The report analyzed 20 media companies that account for almost 55 percent of the media industry’s revenue.

He further noted that Indian media companies were slow to adapt to the growing digital influence, despite factors such as growing number of smartphone users, growing internet penetration, affordable data prices in India (approximately 0.2 dollars per GB of mobile data) and the adoption of 5G. However, this is likely to change in the coming years.

“To better ride the digital wave, media companies have started focusing on digital modes like over-the-top platforms, social media and mobile apps,” Manish Gupta, senior director at CRISIL Ratings, said in a statement. As a result, the digital segment will continue to increase its share of media player revenue, rising from approximately 12 percent in fiscal 2024 (up from approximately 8 percent in fiscal 2019) to more than 18 percent in fiscal 2027, as consumers increasingly turn to digital platforms for news and other media content, he added.

However, the digital segment has been a drag on media companies’ profitability due to high initial spending on labor, content creation and marketing, as companies struggled to identify customers and markets for their products. Additionally, competition has limited margin improvement as consumers have many free content alternatives.

“Operational performance in the digital segment is now expected to improve,” said Ankit Hakhu, director, CRISIL Ratings. “Product discovery means that companies have begun to identify the customer segments most appropriate for their product offerings, allowing them to control promotional spending by making them more targeted. Within the CRISIL Ratings study, at least 8 out of 20 companies have achieved or identified this adjustment to a reasonable degree,” he added.

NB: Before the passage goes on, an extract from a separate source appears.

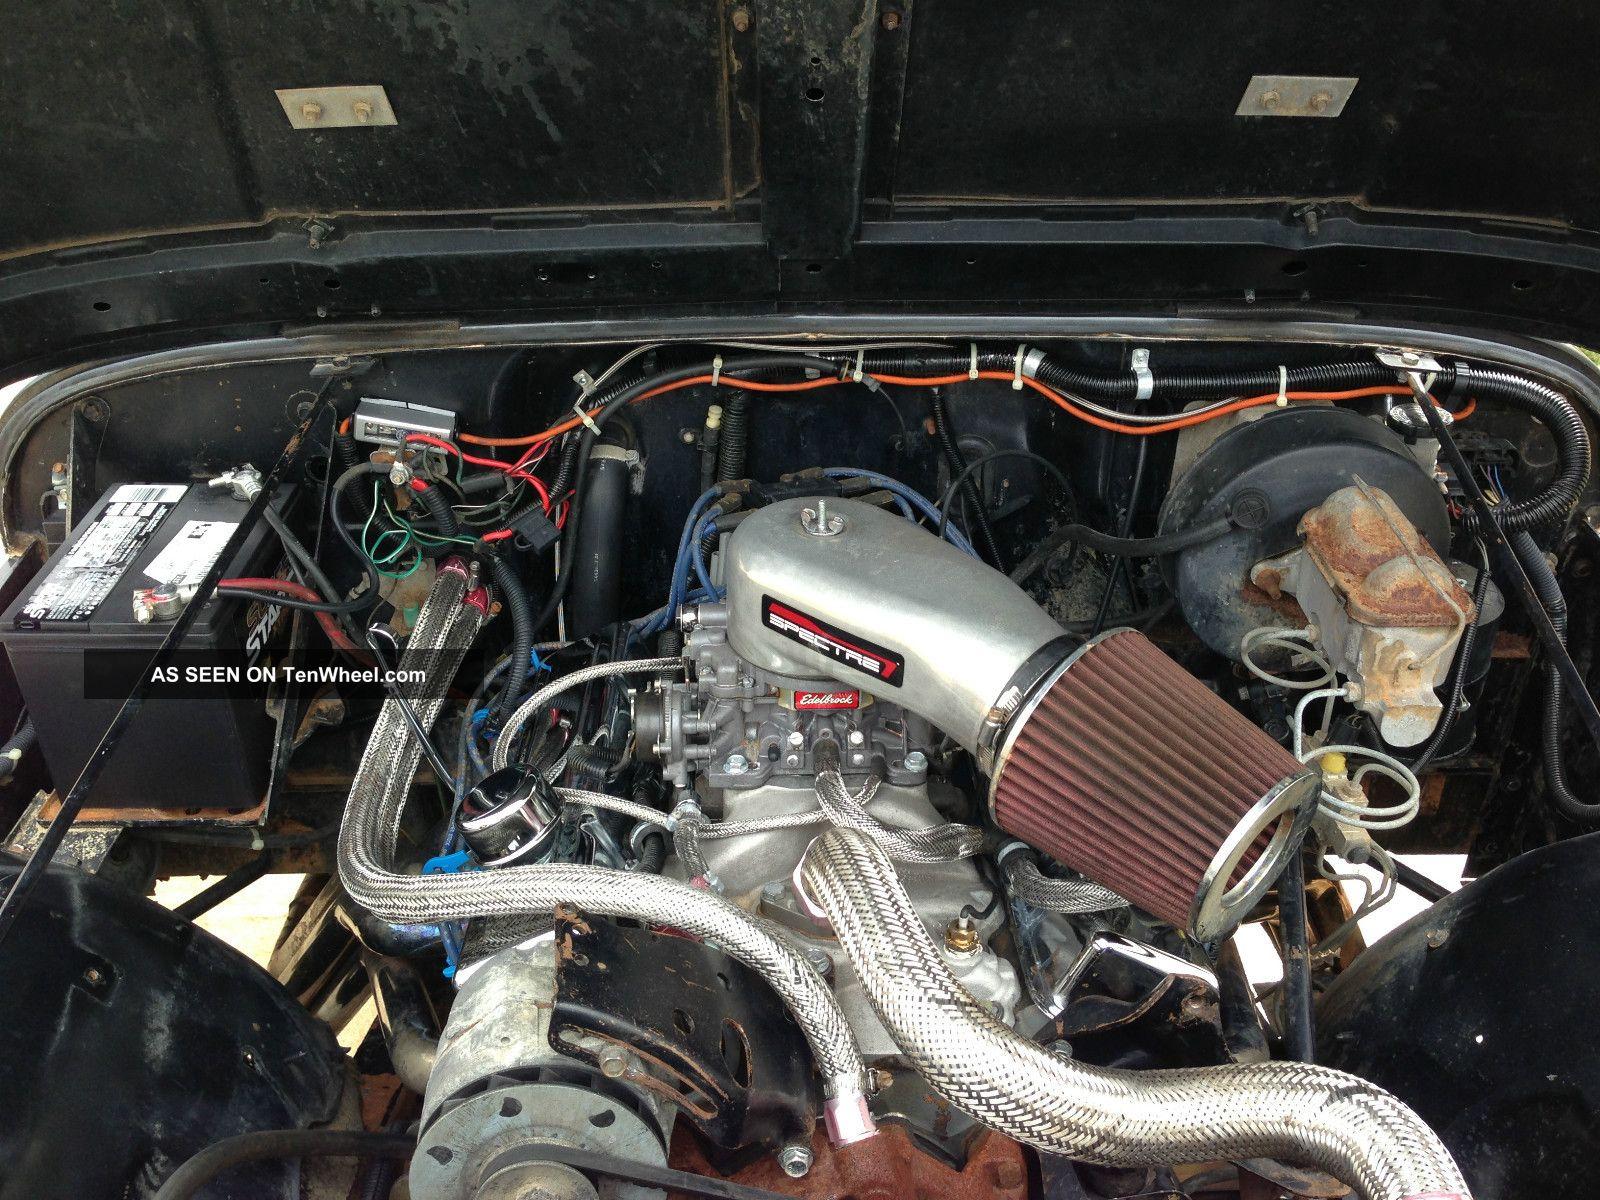 Wiring Diagram Yj 350 Swap Schematics Wiring Diagrams U2022 Rh  Seniorlivinguniversity Co Jeep 350 Engine Swap

Targeted advertising and better identification of customer segments are expected to improve margins in the digital segment, which has struggled with profitability in recent years. According to the report, the industry recorded approximately 20 percent operating losses in fiscal 2024.

The report also highlighted that the improvement in overall operating profitability remains sensitive to movements in key raw material prices and input costs, such as newsprint (NP) prices, which account for between 30 and 40 percent of total costs. Geopolitical or other issues in the global supply chain could cause unexpected volatility in NP prices, as seen in fiscal 2023, when prices averaged $840 per ton, a year-over-year increase of about 23 percent.